Re: FAILED: patch "[PATCH] Btrfs: fix race setting up and completing qgroup rescan" failed to apply to 4.14-stable tree

Sasha Levin <sashal@xxxxxxxxxx> · Thu, 3 Oct 2019 10:32:23 -0400

On Thu, Oct 03, 2019 at 01:54:47PM +0200, gregkh@xxxxxxxxxxxxxxxxxxx wrote:

The patch below does not apply to the 4.14-stable tree.
If someone wants it applied there, or to any other stable or longterm
tree, then please email the backport, including the original git commit
id to <stable@xxxxxxxxxxxxxxx>.

thanks,

greg k-h

------------------ original commit in Linus's tree ------------------

From 13fc1d271a2e3ab8a02071e711add01fab9271f6 Mon Sep 17 00:00:00 2001
From: Filipe Manana <fdmanana@xxxxxxxx>
Date: Tue, 24 Sep 2019 10:49:54 +0100
Subject: [PATCH] Btrfs: fix race setting up and completing qgroup rescan
workers

There is a race between setting up a qgroup rescan worker and completing
a qgroup rescan worker that can lead to callers of the qgroup rescan wait
ioctl to either not wait for the rescan worker to complete or to hang
forever due to missing wake ups. The following diagram shows a sequence
of steps that illustrates the race.

       CPU 1                                                         CPU 2                                  CPU 3

btrfs_ioctl_quota_rescan()
 btrfs_qgroup_rescan()
  qgroup_rescan_init()
   mutex_lock(&fs_info->qgroup_rescan_lock)
   spin_lock(&fs_info->qgroup_lock)

   fs_info->qgroup_flags |=
     BTRFS_QGROUP_STATUS_FLAG_RESCAN

   init_completion(
     &fs_info->qgroup_rescan_completion)

   fs_info->qgroup_rescan_running = true

   mutex_unlock(&fs_info->qgroup_rescan_lock)
   spin_unlock(&fs_info->qgroup_lock)

   btrfs_init_work()
    --> starts the worker

                                                       btrfs_qgroup_rescan_worker()
                                                        mutex_lock(&fs_info->qgroup_rescan_lock)

                                                        fs_info->qgroup_flags &=
                                                          ~BTRFS_QGROUP_STATUS_FLAG_RESCAN

                                                        mutex_unlock(&fs_info->qgroup_rescan_lock)
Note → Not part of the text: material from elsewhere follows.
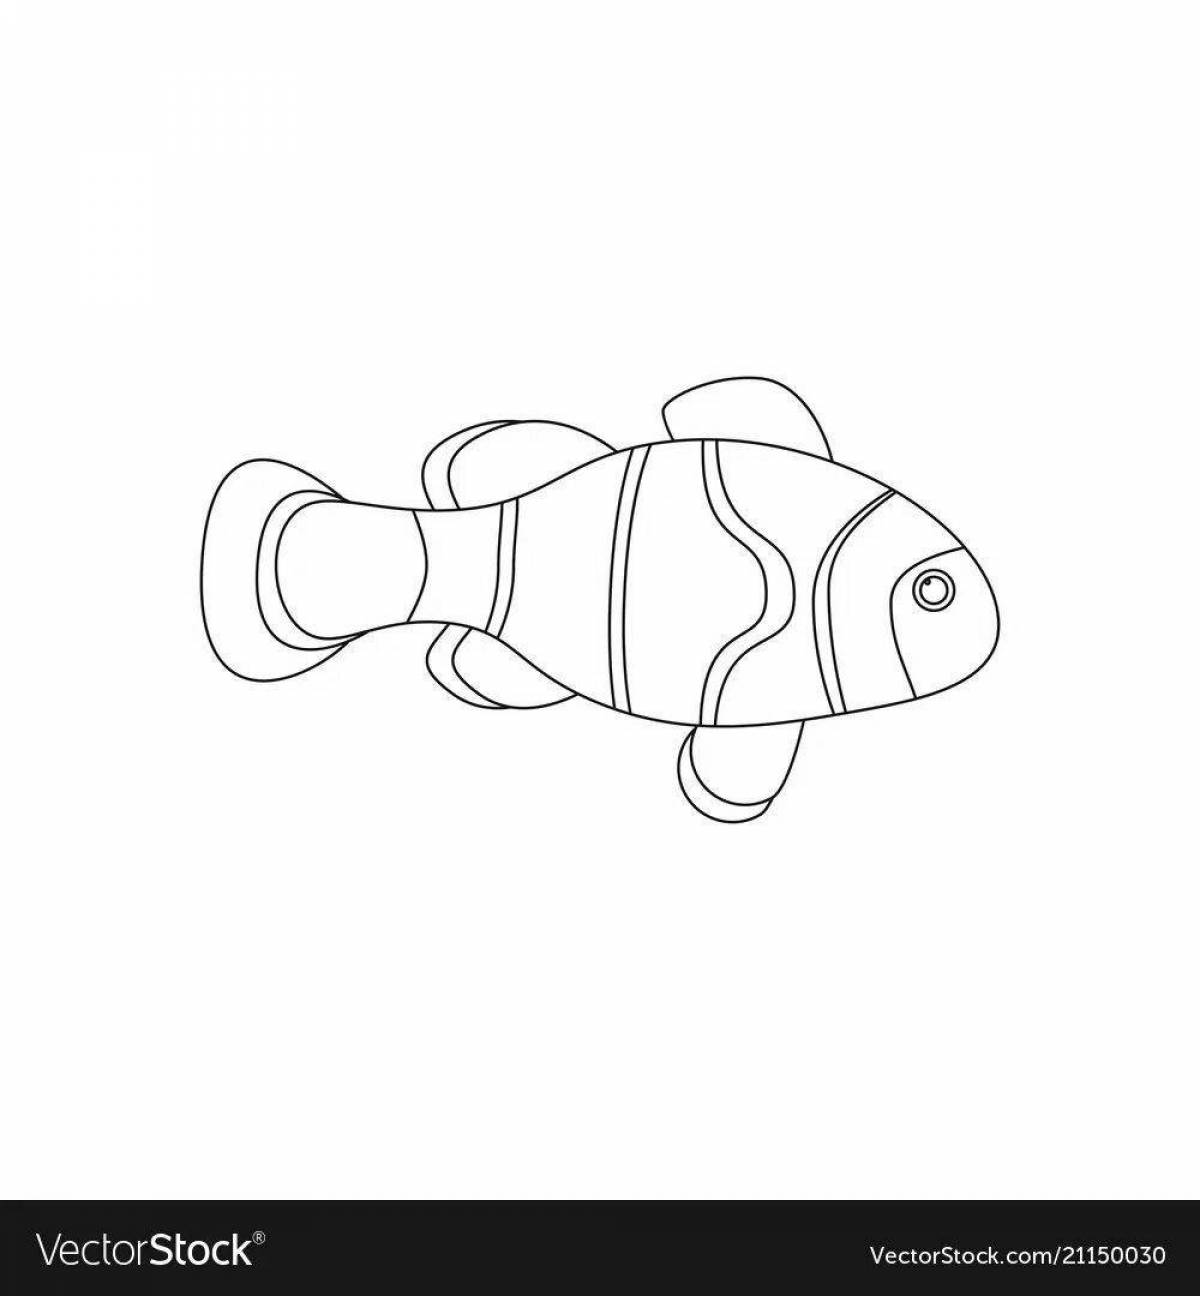 Animated drawing of a clownfish

                                                        starts transaction, updates qgroup status
                                                        item, etc

                                                                                                          btrfs_ioctl_quota_rescan()
                                                                                                           btrfs_qgroup_rescan()
                                                                                                            qgroup_rescan_init()
                                                                                                             mutex_lock(&fs_info->qgroup_rescan_lock)
                                                                                                             spin_lock(&fs_info->qgroup_lock)

                                                                                                             fs_info->qgroup_flags |=
                                                                                                               BTRFS_QGROUP_STATUS_FLAG_RESCAN

                                                                                                             init_completion(
                                                                                                               &fs_info->qgroup_rescan_completion)
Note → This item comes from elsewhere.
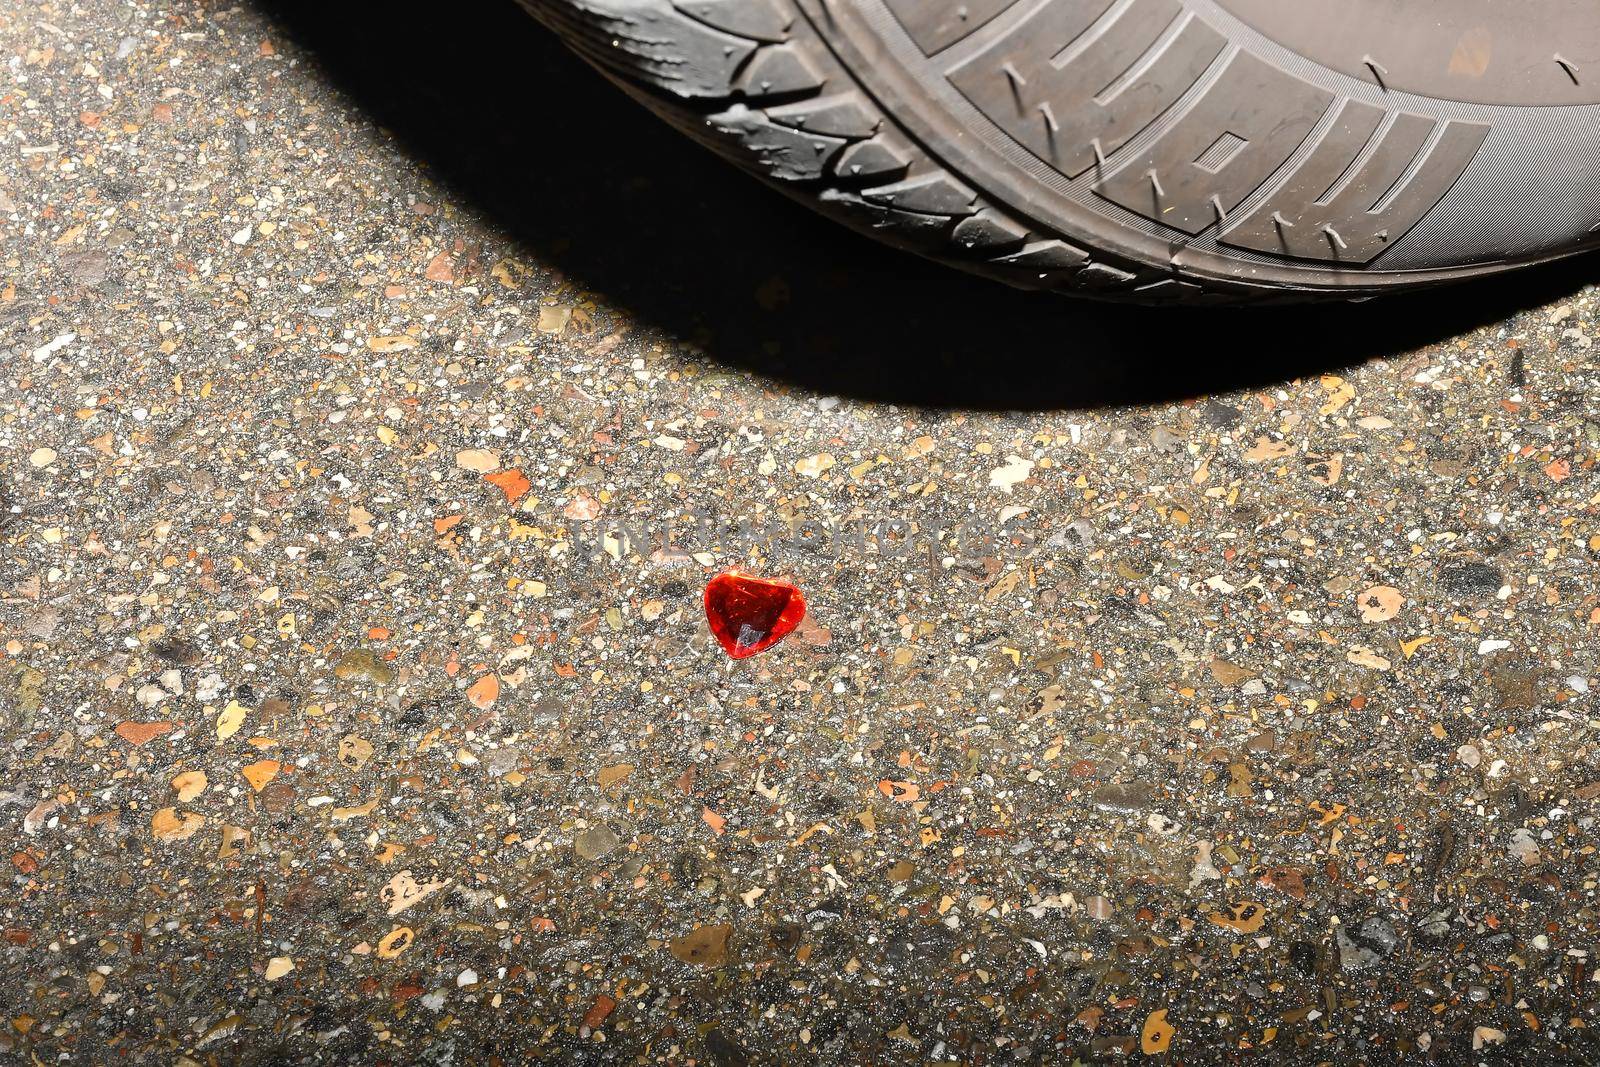 Heart on a road in front of a car wheel

                                                                                                             fs_info->qgroup_rescan_running = true

                                                                                                             mutex_unlock(&fs_info->qgroup_rescan_lock)
                                                                                                             spin_unlock(&fs_info->qgroup_lock)

                                                                                                             btrfs_init_work()
                                                                                                              --> starts another worker

                                                        mutex_lock(&fs_info->qgroup_rescan_lock)
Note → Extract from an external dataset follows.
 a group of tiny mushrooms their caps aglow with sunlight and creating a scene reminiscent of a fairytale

                                                        fs_info->qgroup_rescan_running = false

                                                        mutex_unlock(&fs_info->qgroup_rescan_lock)

							 complete_all(&fs_info->qgroup_rescan_completion)

Before the rescan worker started by the task at CPU 3 completes, if
another task calls btrfs_ioctl_quota_rescan(), it will get -EINPROGRESS
because the flag BTRFS_QGROUP_STATUS_FLAG_RESCAN is set at
fs_info->qgroup_flags, which is expected and correct behaviour.

However if other task calls btrfs_ioctl_quota_rescan_wait() before the
rescan worker started by the task at CPU 3 completes, it will return
immediately without waiting for the new rescan worker to complete,
because fs_info->qgroup_rescan_running is set to false by CPU 2.

This race is making test case btrfs/171 (from fstests) to fail often:

 btrfs/171 9s ... - output mismatch (see /home/fdmanana/git/hub/xfstests/results//btrfs/171.out.bad)
     --- tests/btrfs/171.out     2018-09-16 21:30:48.505104287 +0100
     +++ /home/fdmanana/git/hub/xfstests/results//btrfs/171.out.bad      2019-09-19 02:01:36.938486039 +0100
     @@ -1,2 +1,3 @@
      QA output created by 171
     +ERROR: quota rescan failed: Operation now in progress
      Silence is golden
     ...
     (Run 'diff -u /home/fdmanana/git/hub/xfstests/tests/btrfs/171.out /home/fdmanana/git/hub/xfstests/results//btrfs/171.out.bad'  to see the entire diff)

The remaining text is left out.